_REQUIRED ACTION_:
Every line in the listing below from the one with "Así son los enfrentamientos en 'Tokyo 42'" through the one with "Gangster Spongebob Lie" is to be reproduced exactly, both ends included; leave out the rest.

_DATA EXTRACT_:
*** Begin section ***
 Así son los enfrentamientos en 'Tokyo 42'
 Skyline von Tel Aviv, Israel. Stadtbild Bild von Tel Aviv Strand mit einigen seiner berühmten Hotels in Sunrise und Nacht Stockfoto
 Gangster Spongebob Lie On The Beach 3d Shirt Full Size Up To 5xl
*** End section ***
*** Begin section ***
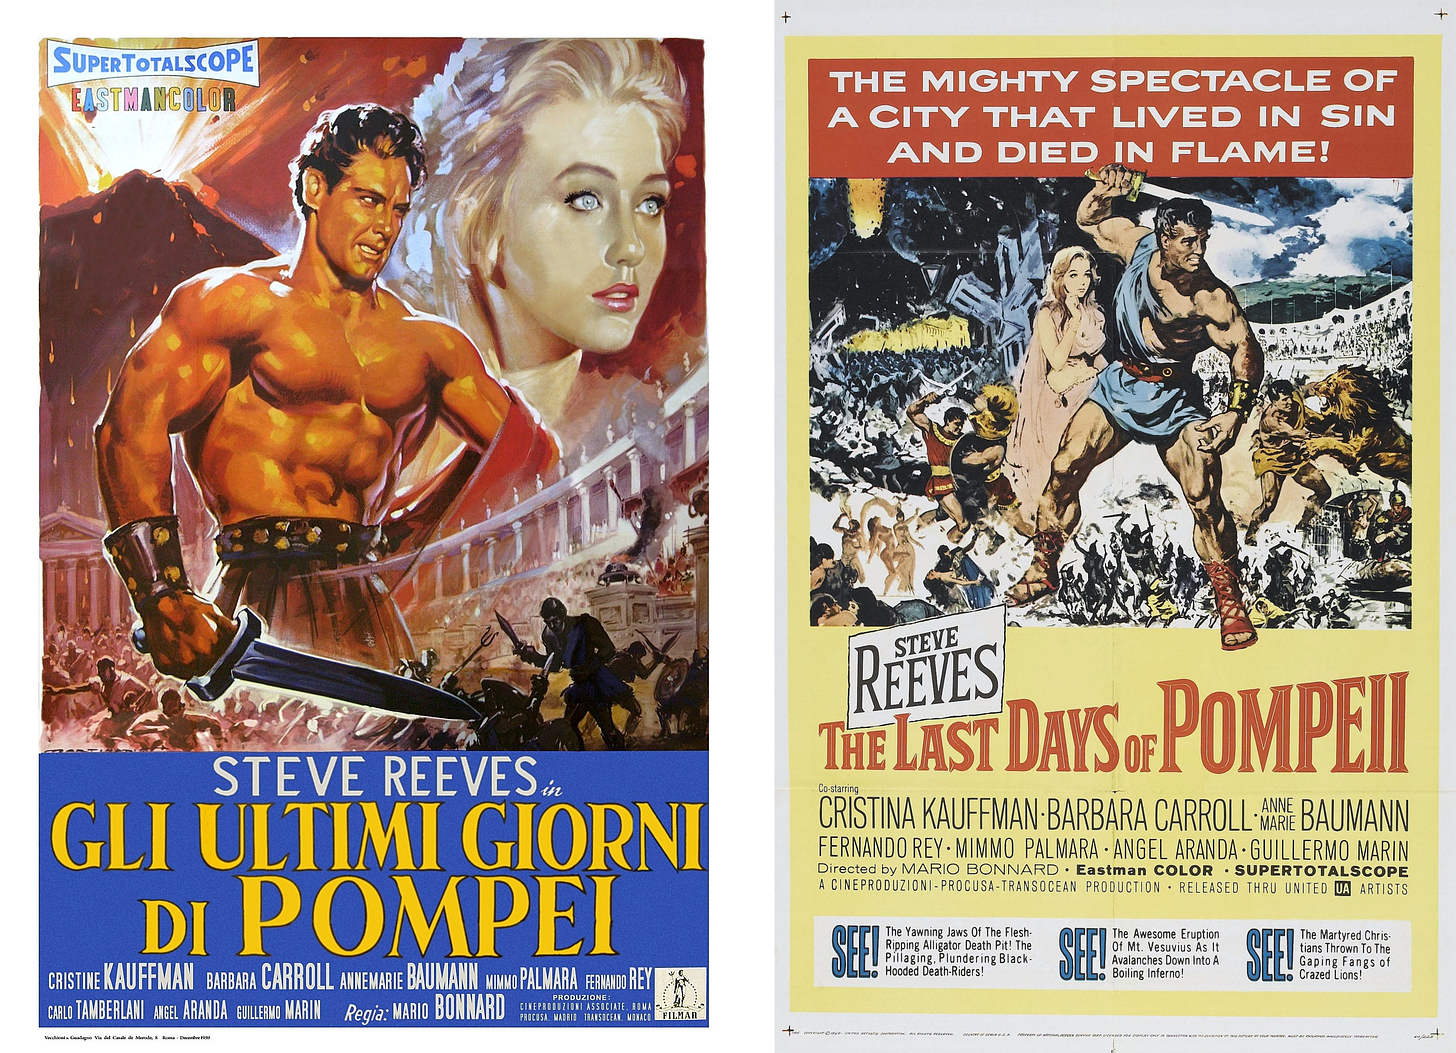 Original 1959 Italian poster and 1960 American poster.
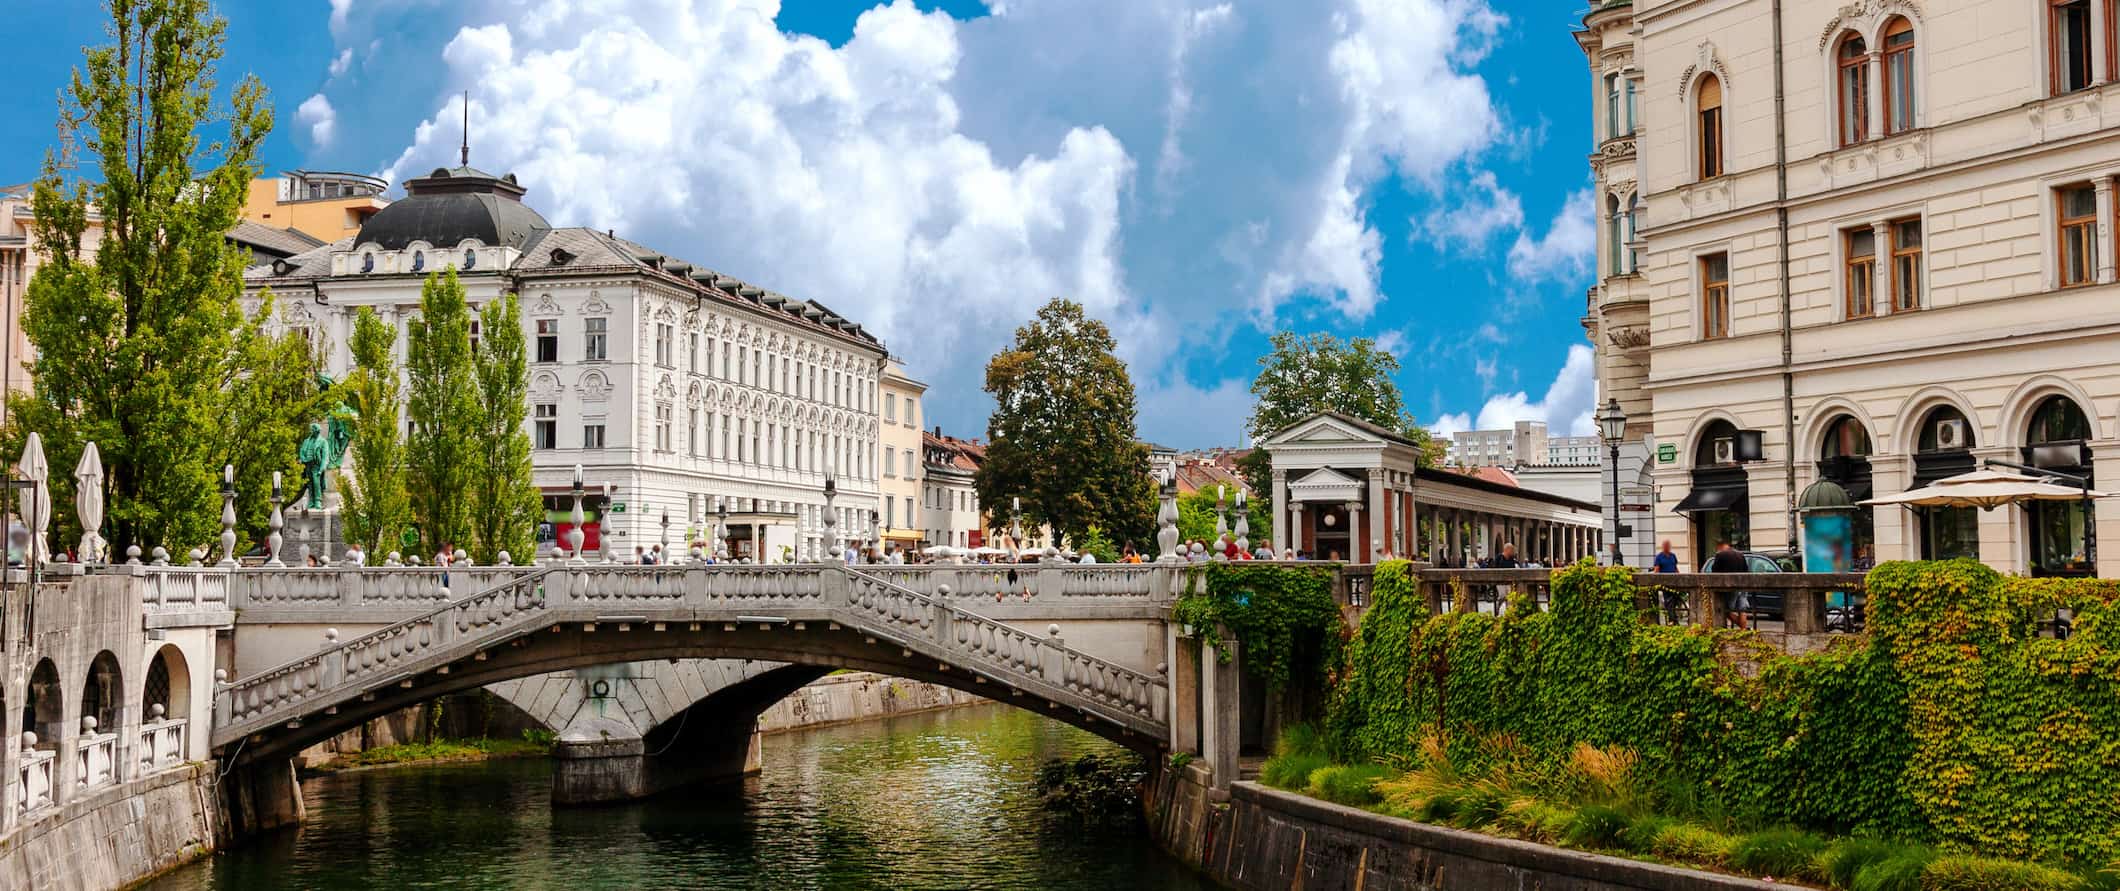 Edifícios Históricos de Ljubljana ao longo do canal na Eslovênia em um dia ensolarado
*** End section ***
_ANSWER TO THIS PROBLEM_:
 Así son los enfrentamientos en 'Tokyo 42'
 Skyline von Tel Aviv, Israel. Stadtbild Bild von Tel Aviv Strand mit einigen seiner berühmten Hotels in Sunrise und Nacht Stockfoto
 Gangster Spongebob Lie On The Beach 3d Shirt Full Size Up To 5xl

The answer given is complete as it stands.